Team Leaders Week March 31-Apr 7, 2013
After a little time off from the blog with stomach issues, I’m excited to share the stories of my next week with you. Thank goodness for good antibiotics from Canada! I can’t help but think about the people here in El Salvador that don’t have access to such medications. I’m sure the stomachs of the people here are subjected to all kinds of bacteria that cause the same illness and they have to suffer through it. Of the people around the world trapped in poverty, 25,000 per day die and it often starts with something like what I just got relief from in a day with a simple prescription.
It was great to meet up again with all the other team leaders I met last year in El Salvador. We have a busy agenda this week with lots meetings along with building seven houses. Two of which are a two-hour drive from here, up in Santa Anna, right near the dump.
Monday morning we got right to work, building two houses here in San Vicente. Two beautiful families were so thrilled to be the recipients of the new houses. We had so much fun with the children again; I just never seem to get tired of spending time with the kids. The smiles on their faces are so special, even when we can’t understand each other most of the time. We colored pictures, made beaded necklaces and key chains, glued sparkly tattoos on arms and Val and Patricia gave the ladies pedicures & manicures. The ladies were thrilled, I’m sure no one has ever done something like that for them.
We took a walk down to the riverbank to see where the village people had to go to bath. We only hiked down about half way, and it was quite a hike. By the time they hiked back up after their bath, they would need another one! There were three kids just having a great time swimming in a pond in the river. They invited us to bring our swim suits back on Wed when we return to build two more houses. Not so sure any of us are up to it, but what a nice invitation!

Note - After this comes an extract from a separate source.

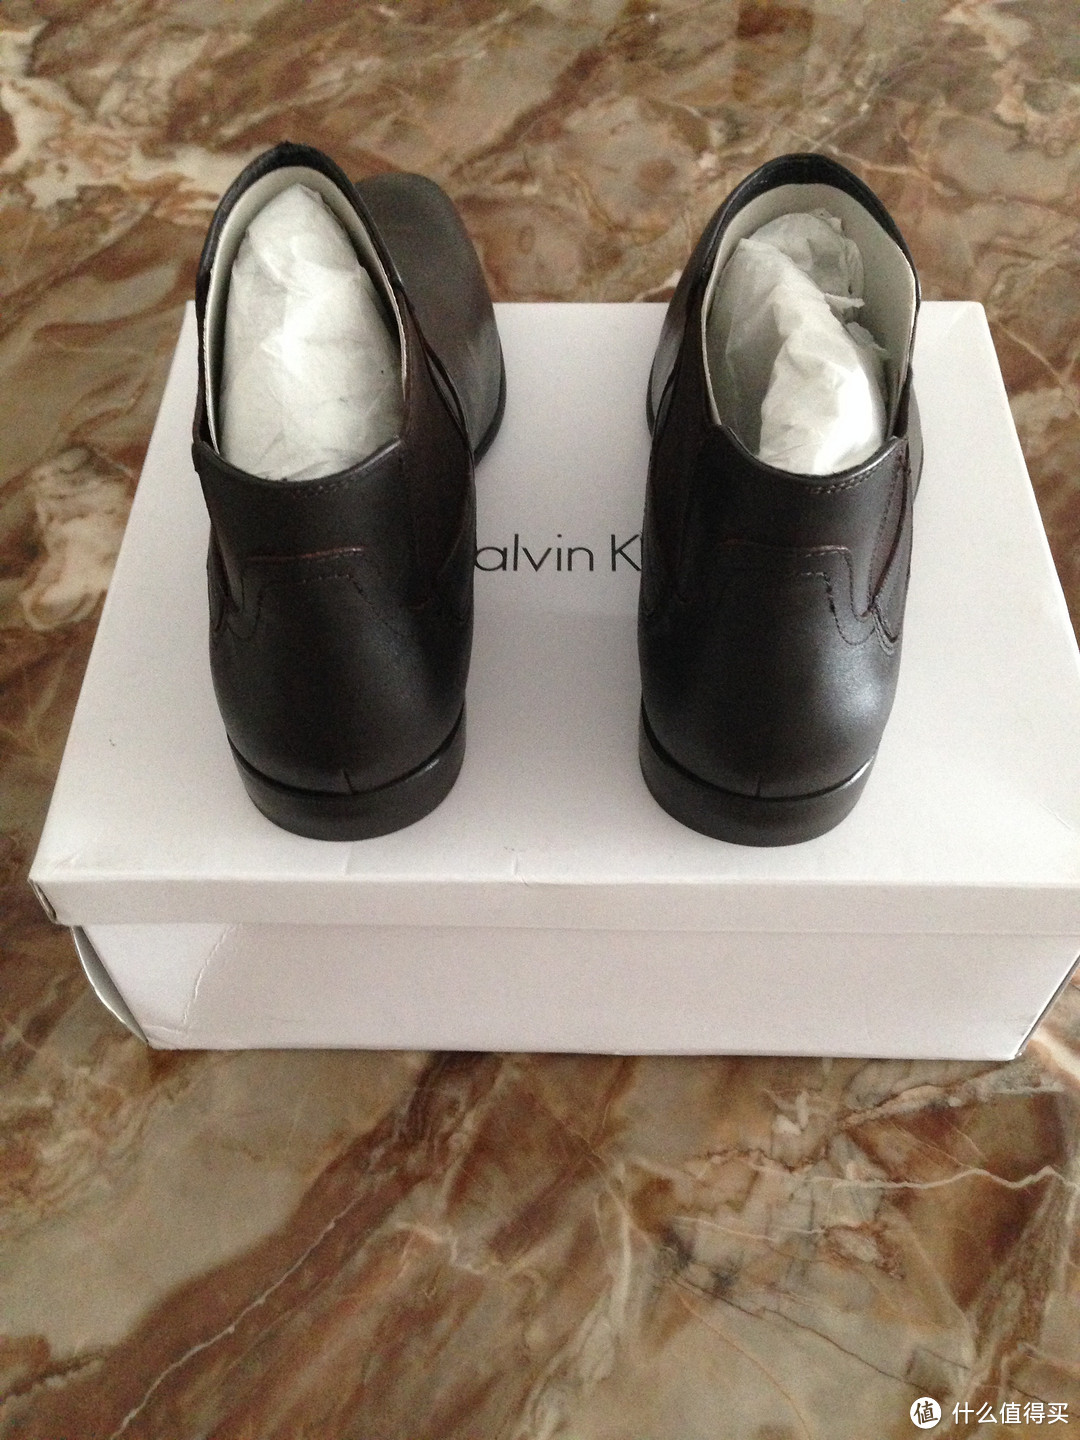 #原创新人#Calvin Klein Clarke 男士短靴 开箱晒物
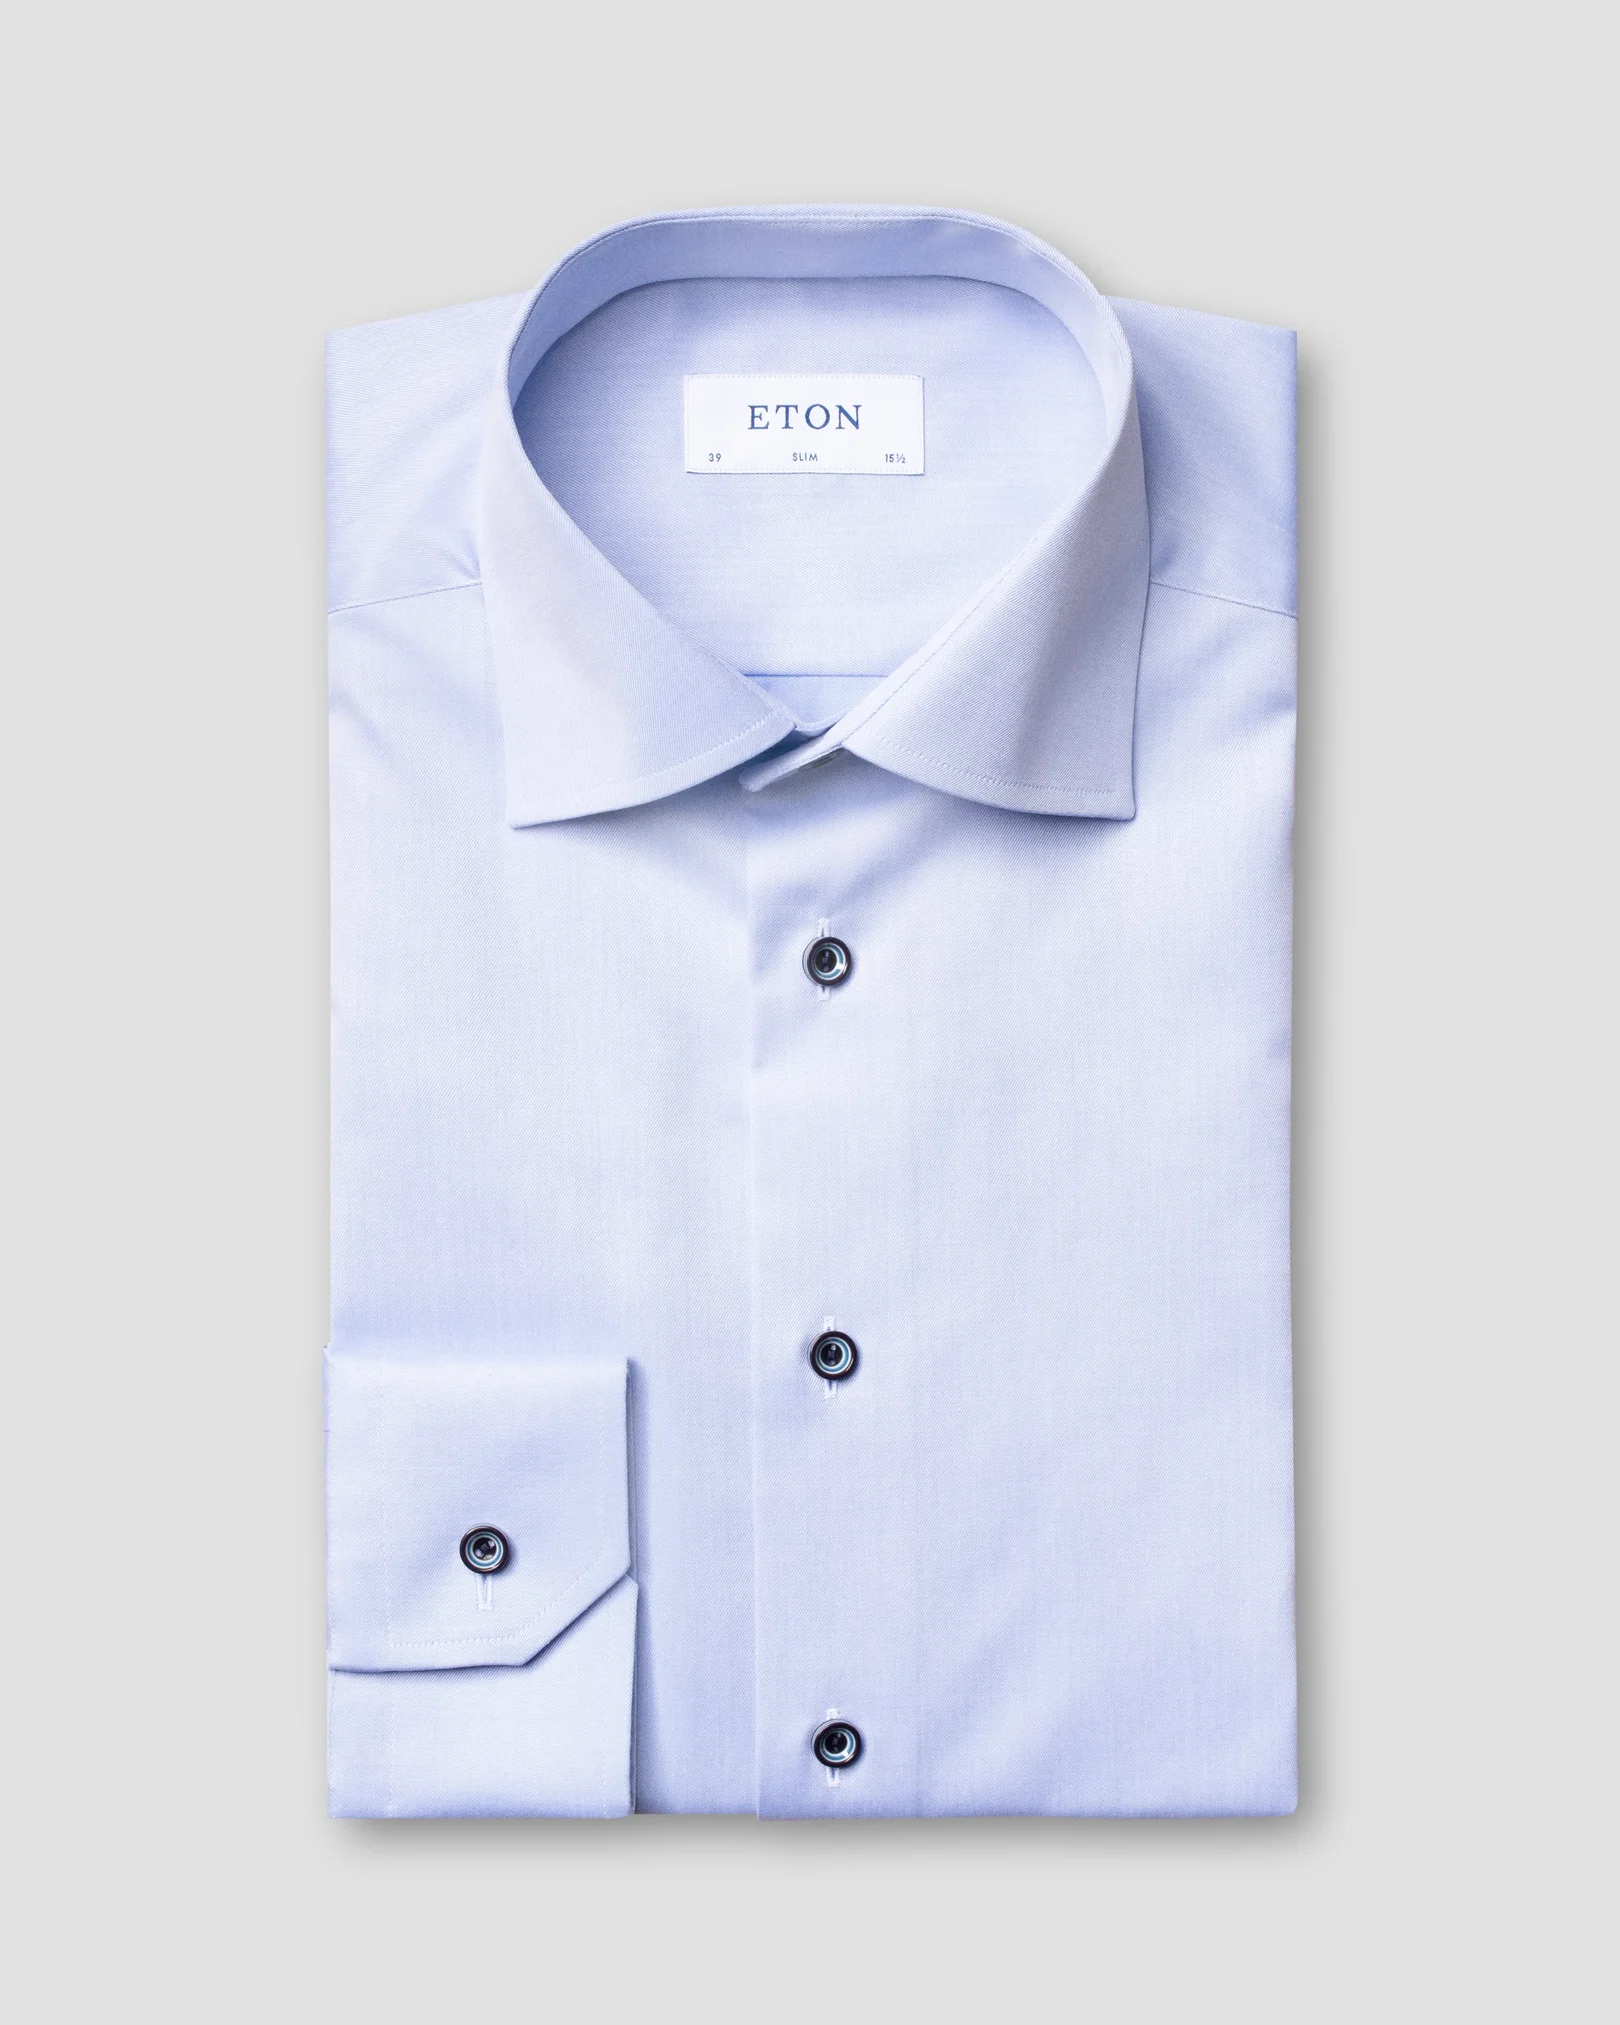 Eton - blue twill shirt navy buttons

Tuesday morning started bright and early with breakfast at 6:30 before our two-hour bus ride up to Santa Anna to build our two houses by the dump. Oh my……..what an experience that was! We met some ladies that make their living rummaging through the dump every day. They will dig through the dump for two days to find enough plastic milk bottles to make three dollars; a man will then come along with a truck and buy them from. One lady said she has her son in school and it costs her two of her three dollars to just get him to school.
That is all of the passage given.